Is this to say that NBA Top Shot is a dying project? It’s certainly lost some of the momentum it mustered at the start of 2021. However, the NBA is a global force, and a new season could always rejuvenate interest. Part of the downturn could also be because the Flow blockchain, which is far newer compared to Ethereum, struggled to meet demand.

That said, it should be noted that Flow is far, far cheaper than Ethereum. Buying a set of 15 audio samples on CryptoJingles, an audio-based NFT project from 2018, costs about $600 in transaction fees. Although Ethereum developers are working on an upgrade that should speed things up in due course, Flow is certainly the cheaper platform for now.

In late August, NBA Top Shot announced it would head into the WNBA. It also launched moments that fans could only buy if they attended Summer League games in Las Vegas.

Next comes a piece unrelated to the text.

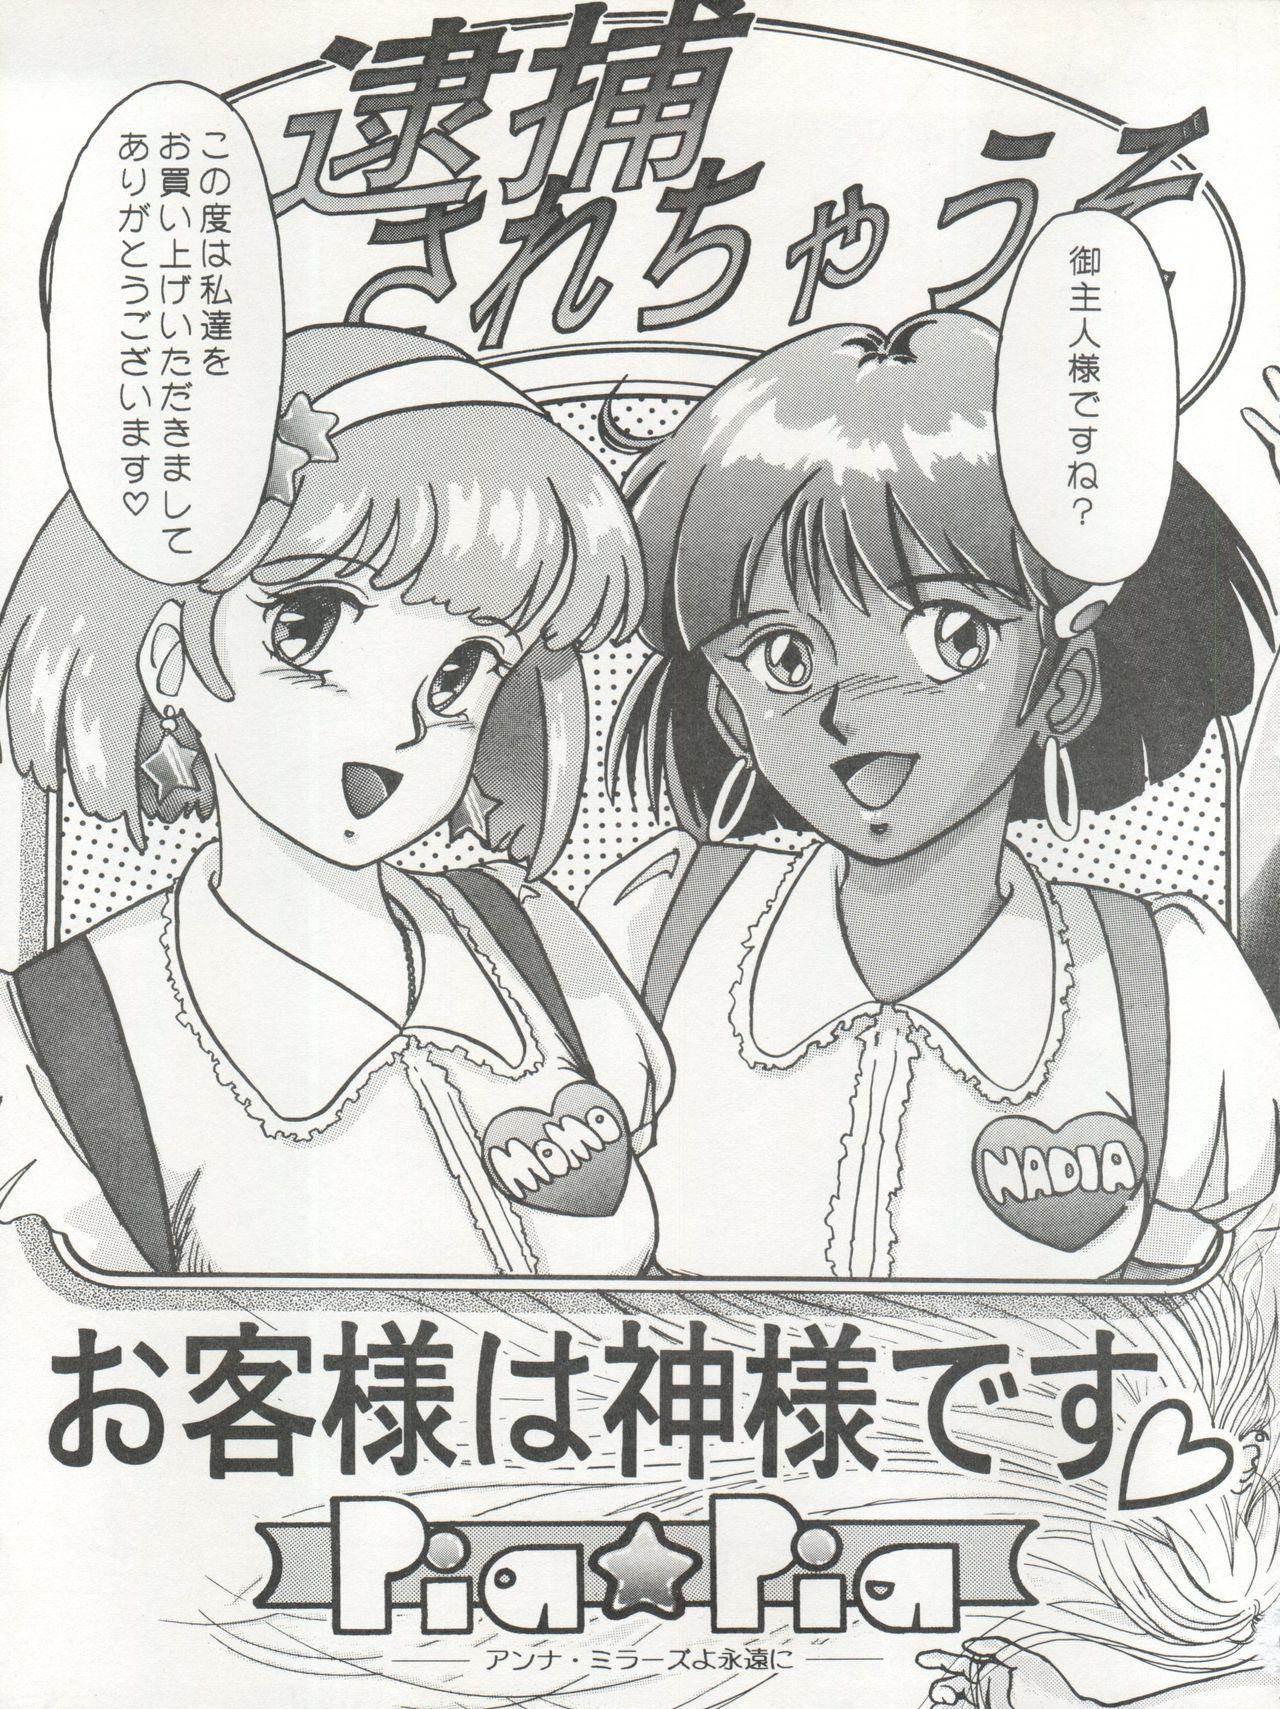 Concha 逮捕されちゃうぞ - Fushigi no umi no nadia Youre under arrest Minky momo 3x3 eyes Negra - Page 3

One limitation: Although the moments are NFTs, they lack one core feature of NFTs on other platforms, including Ethereum. So you can’t freely trade them between wallets. To gift our card on the platform, we have to wait a month after creating an account, own 20 moments and hold the card for a week. You can also only sell cards on the NBA Top Shot marketplace, and can’t sell them on decentralized NFT marketplaces or third-party NFT marketplaces, like OpenSea. Trading must remain within the NBA Top Shot ecosystem.

The NBA isn’t the only sports league to get involved in cryptocurrencies. American football cards could sell for millions of dollars back in March. Five NFTs minted by five-time Super Bowl Champion Rob Gronkowski sold for $1.6 million in March.

And soccer is eating up the crypto market at a rapid clip. Sorare, a soccer NFT project based on Ethereum, is the twelfth-largest NFT project, with $73 million in all-time sales.